2. La Solution : Un Nouvel Outil de Traduction (L'IA)

Les chercheurs ont décidé d'utiliser une Intelligence Artificielle avancée (un "Grand Modèle de Langage", ou LLM, comme une version très intelligente de ChatGPT). Imaginez que cette IA est un super-détective capable de lire des millions de pages de journaux en une seconde et de dire : "Attends, ce bruit de porte n'est pas normal, c'est un cambrioleur qui essaie de forcer la serrure !".

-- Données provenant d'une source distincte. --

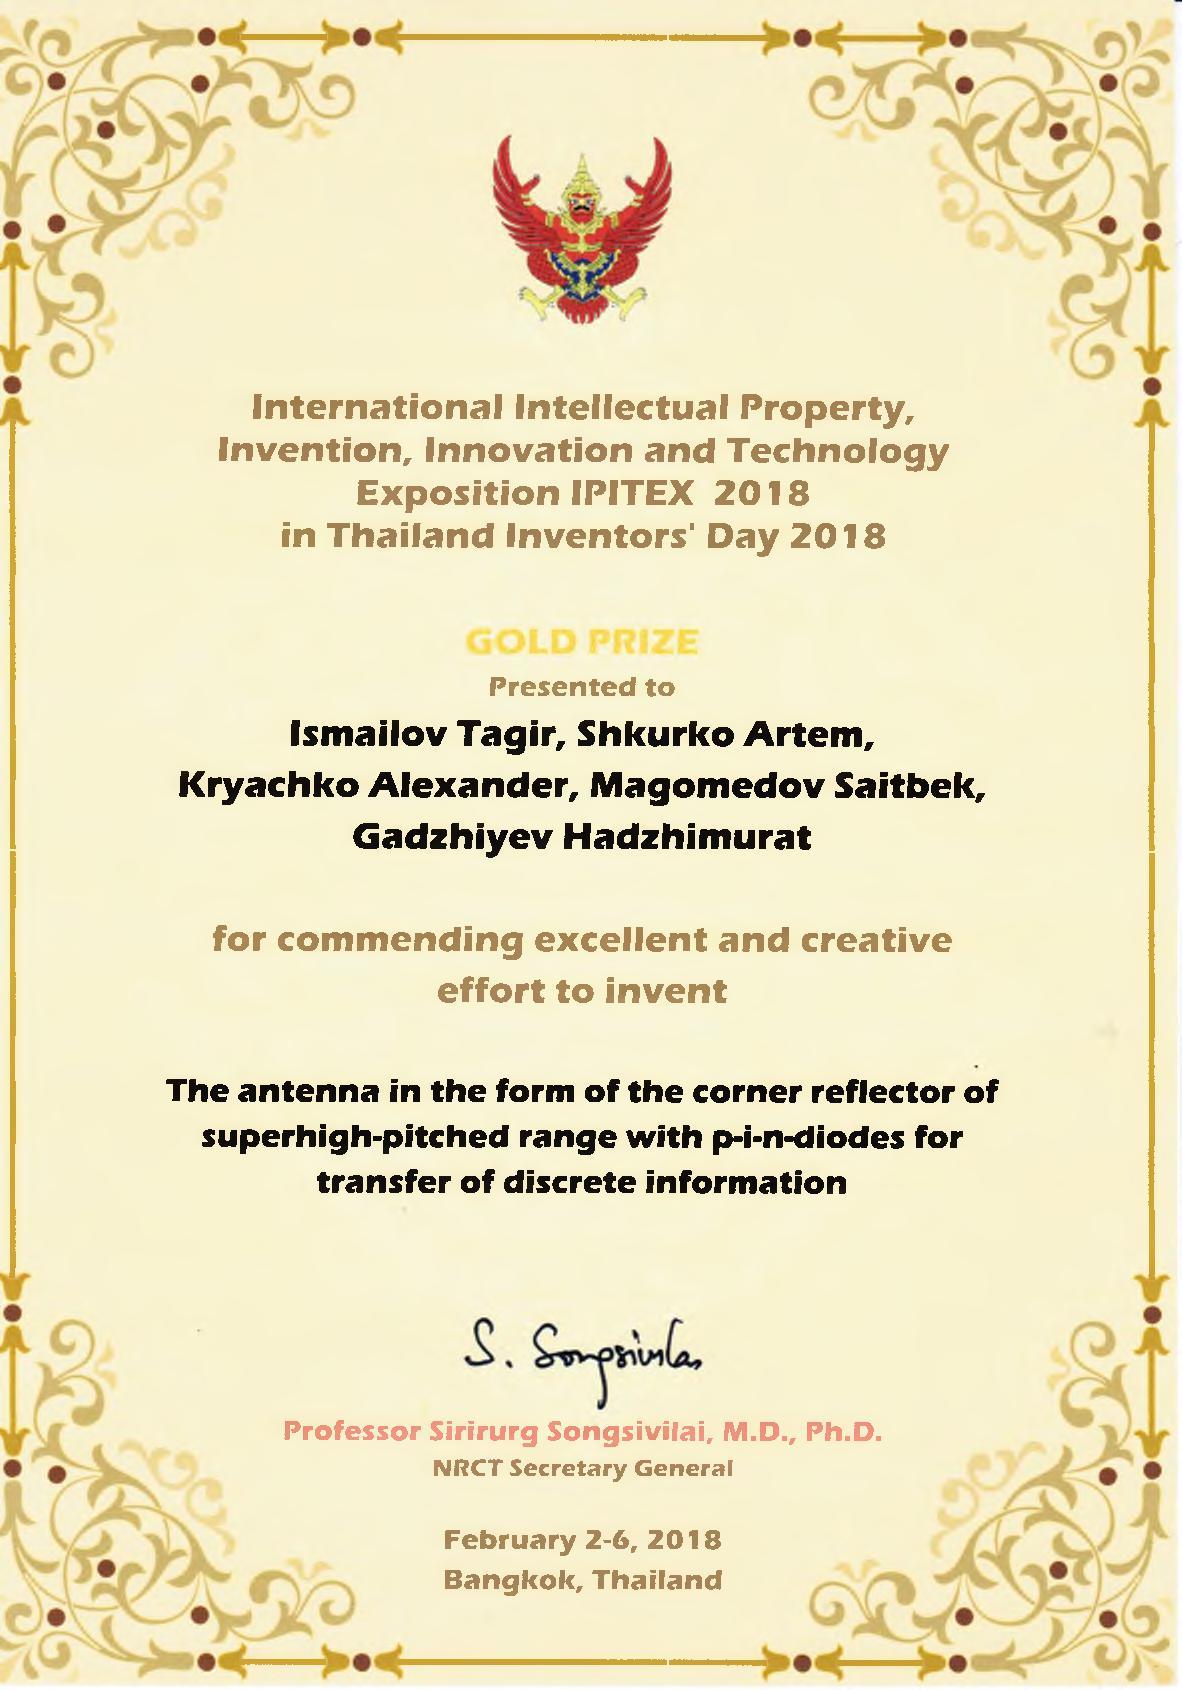 Разработка ДГТУ получила золотую медаль на международной выставке IPITEX-2018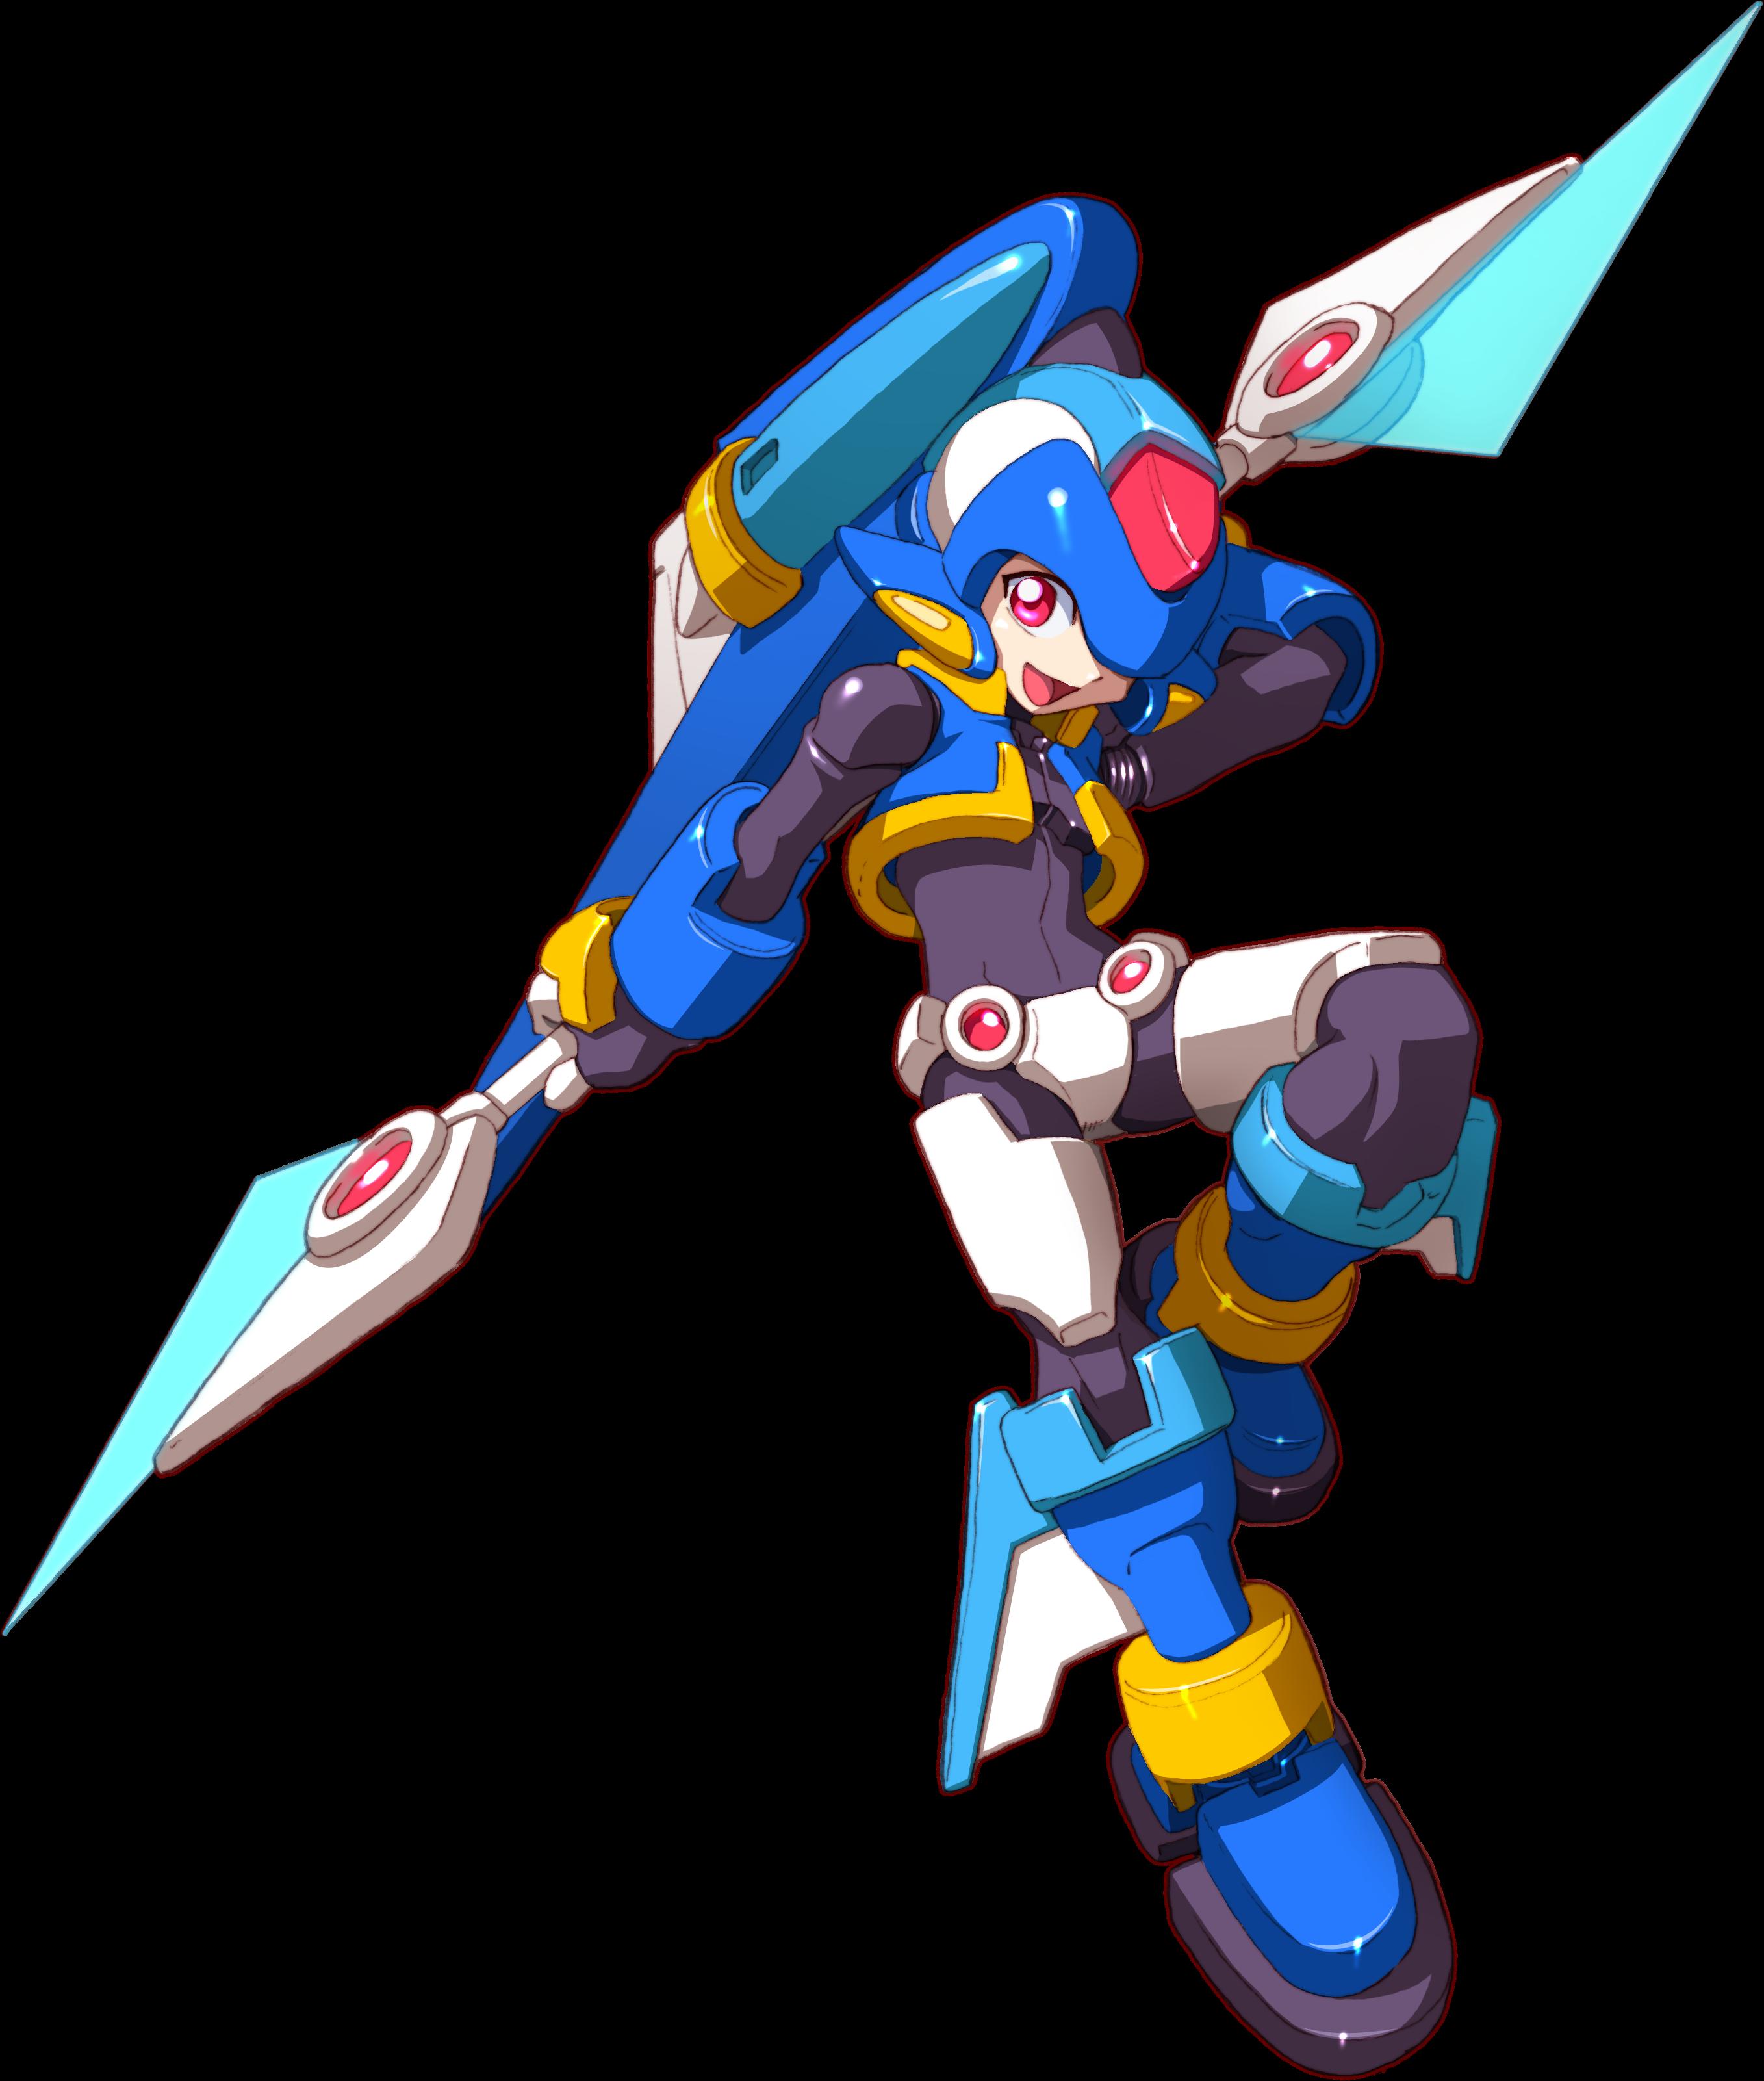 Mega Man Gets A New Look - popculture.com

Mais pour entraîner ce détective, il faut des exemples. Et c'est là que le problème se pose : il n'y avait pas assez de "fausses" attaques réelles et étiquetées pour apprendre à l'IA.

3. La Création : Le "CAM-LDS" (Le Terrain de Jeu)

Pour résoudre ce manque, les auteurs ont créé un nouveau jeu de données appelé CAM-LDS.

• L'analogie : Imaginez qu'ils ont construit une maison de poupée ultra-réaliste (un environnement informatique virtuel) et qu'ils ont invité 7 équipes de "méchants" (des scripts automatisés) à essayer de la cambrioler de toutes les façons possibles.
• Le résultat : Ils ont filmé chaque tentative, chaque mouvement, chaque porte forcée. Ils ont créé 7 scénarios d'attaque différents (comme un film d'espionnage) qui couvrent 81 techniques différentes de vol de données, de piratage et de sabotage.
• La particularité : Tout est enregistré dans les journaux (logs) du système, comme si on avait posé des caméras et des micros partout dans la maison.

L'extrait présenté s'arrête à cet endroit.